There are three points defined by their x and y coordinates, find a curve that fits through them exactly.

First, we have three equations with three unknowns, \(A\), \(B\), and \(C\).

\[ \begin{aligned} y_1 &= A + B \cdot x_1 + C \cdot x_1^2\\ y_2 &= A + B \cdot x_2 + C \cdot x_2^2\\ y_3 &= A + B \cdot x_3 + C \cdot x_3^2\\ \end{aligned} \]

Second, we rewrite the problem in matrix form.

\[ \begin{aligned} \begin{bmatrix} 1 & x_1 & x_1^2 \\ 1 & x_2 & x_2^2 \\ 1 & x_3 & x_3^2 \\ \end{bmatrix} \cdot \begin{bmatrix} A \\ B \\ C \end{bmatrix} & = \begin{bmatrix} y_1 \\ y_2 \\ y_3 \end{bmatrix}\\ \end{aligned} \]

Third, we solve the system of equations for the unknown vector \([A,B,C]\), via elementary row operations.

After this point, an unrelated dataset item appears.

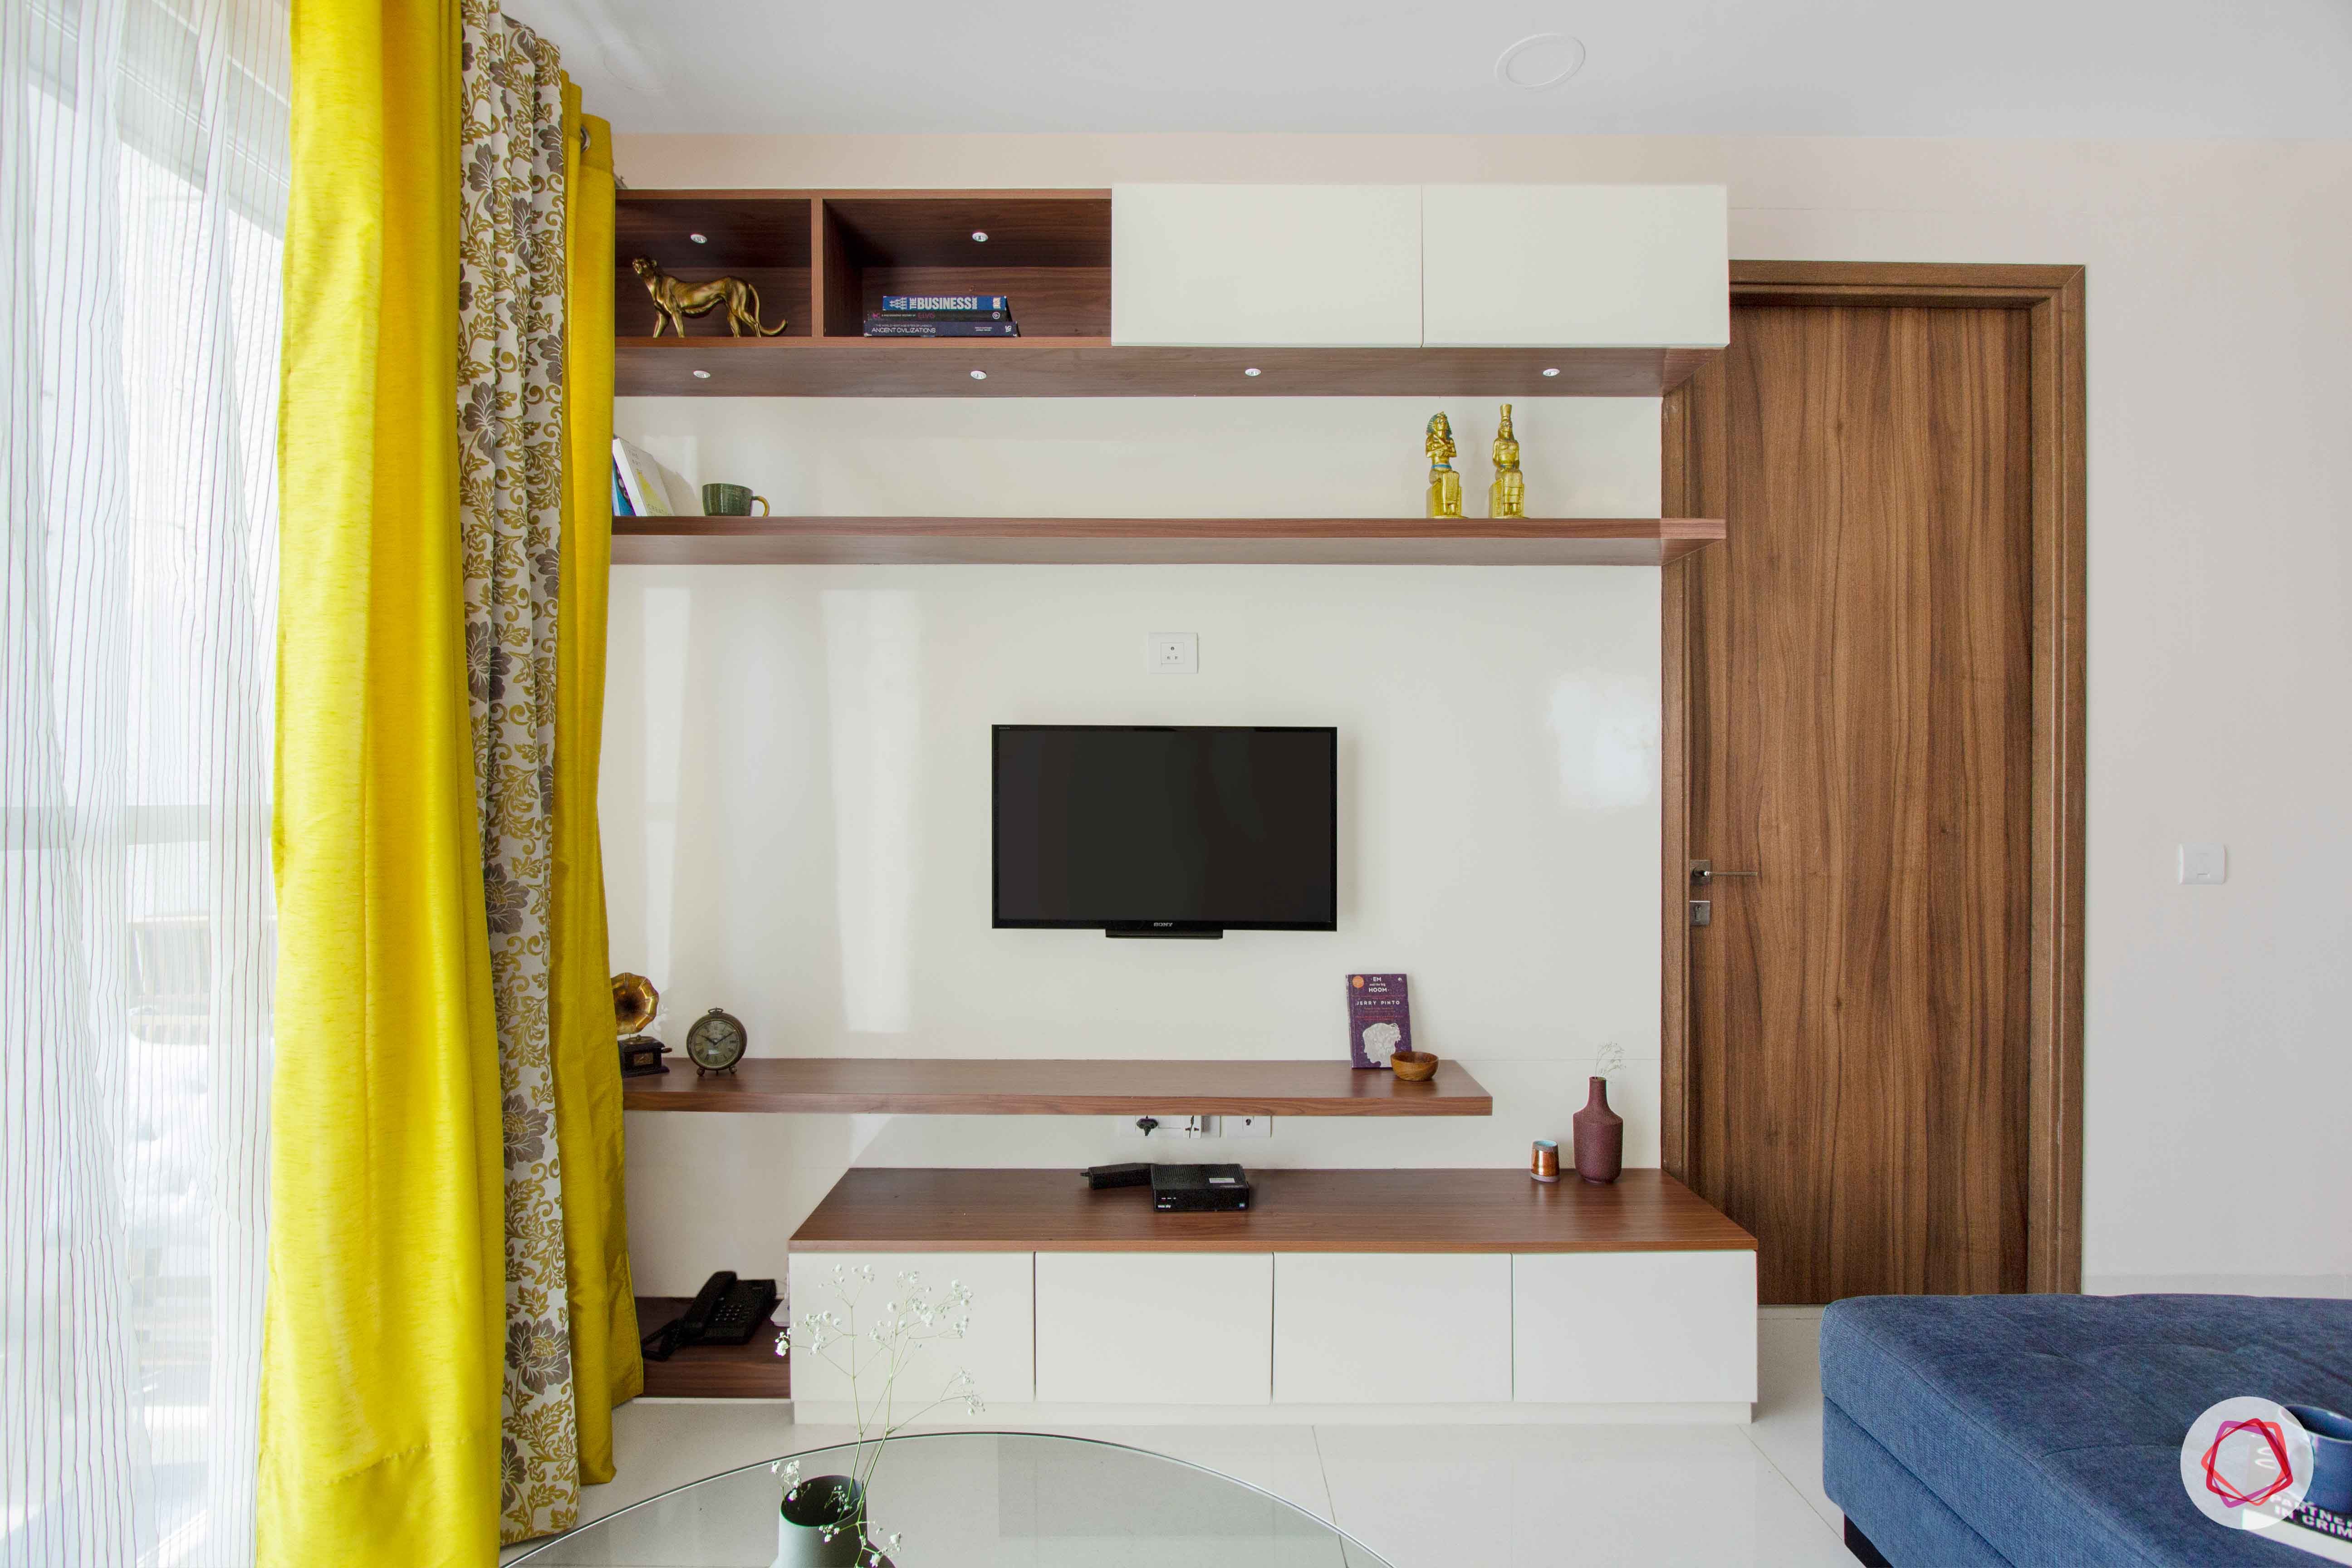 snn raj greenbay-laminate tv unit-display shelves-wall ledges
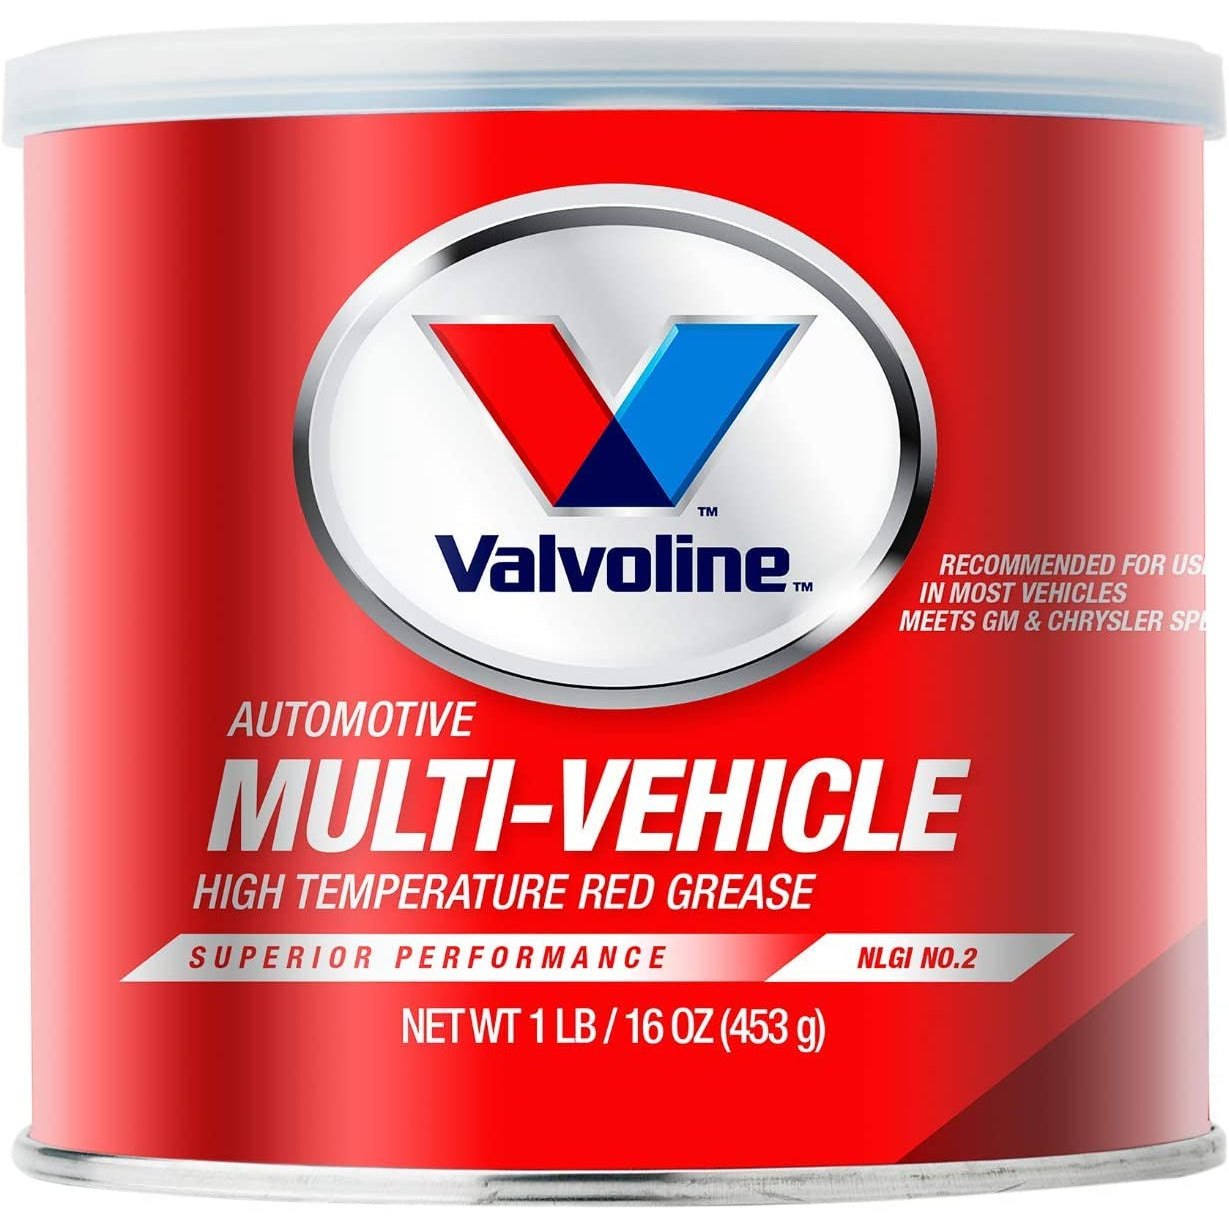 VAL VV614 Valvoline Multi-Vehicle #2 EP Hi-Temp Red Grease (1 lb)

The code below uses matlab to arrive at symbolic analytical solutions for for \([A,B,C]\).

clc
clear

% Define inputs
syms x11 x12 x21 x22 x31 x32 y1 y2 y3
mt_sm_z = [1,x11,x12;1,x21,x22;1,x31,x32];
ar_sm_y = [y1;y2;y3];

% Solve analytically
ar_sm_solu = linsolve(mt_sm_z, ar_sm_y)

% Randomly draw x and y values
rng(1234);
mt_rand = rand(3,2);
mt_rand = [0.1915, 0.6221, 0.4377;
  0.7854, 0.7800, 0.2726]';
[fl_x1, fl_x2, fl_x3] = deal(mt_rand(1,1), mt_rand(2,1), mt_rand(3,1));
[fl_y1, fl_y2, fl_y3] = deal(mt_rand(1,2), mt_rand(2,2), mt_rand(3,2));
[fl_x11, fl_x21, fl_x31] = deal(fl_x1, fl_x2, fl_x3);
[fl_x12, fl_x22, fl_x32] = deal(fl_x1^2, fl_x2^2, fl_x3^2);

% Numerically evaluate coefficients
ar_fl_solu = double(subs(ar_sm_solu, ...
  {x11, x12, x21, x22, x31, x32, y1, y2, y3}, ...
  {fl_x11,fl_x12,fl_x21,fl_x22,fl_x31,fl_x32,fl_y1,fl_y2,fl_y3}));
disp(['ar_fl_solu=', num2str(ar_fl_solu')])

% Y predictions
mt_fl_z = [1,fl_x11,fl_x12;1,fl_x21,fl_x22;1,fl_x31,fl_x32];
ar_fl_y_pred = mt_fl_z*ar_fl_solu;
ar_fl_x_actual = [fl_x1;fl_x2;fl_x3];
ar_fl_y_actual = [fl_y1;fl_y2;fl_y3];

% Compare results
tb_test = array2table([ar_fl_x_actual';ar_fl_y_actual';ar_fl_y_pred']');
cl_col_names = ["x_actual","y_actual", "y_predict"];
cl_row_names = strcat('obs_', string((1:3)));
tb_test.Properties.VariableNames = matlab.lang.makeValidName(cl_col_names);
tb_test.Properties.RowNames = matlab.lang.makeValidName(cl_row_names);
display(tb_test);

Fourth, the solutions are as follows.

\[ A = \frac{x_1 x_2^2 y_3 - x_1^2 x_2 y_3 - x_1 x_3^2 y_2 + x_1^2 x_3 y_2 + x_2 x_3^2 y_1 - x_2^2 x_3 y_1}{x_1 x_2^2 - x_1^2 x_2 - x_1 x_3^2 + x_1^2 x_3 + x_2 x_3^2 - x_2^2 x_3} \]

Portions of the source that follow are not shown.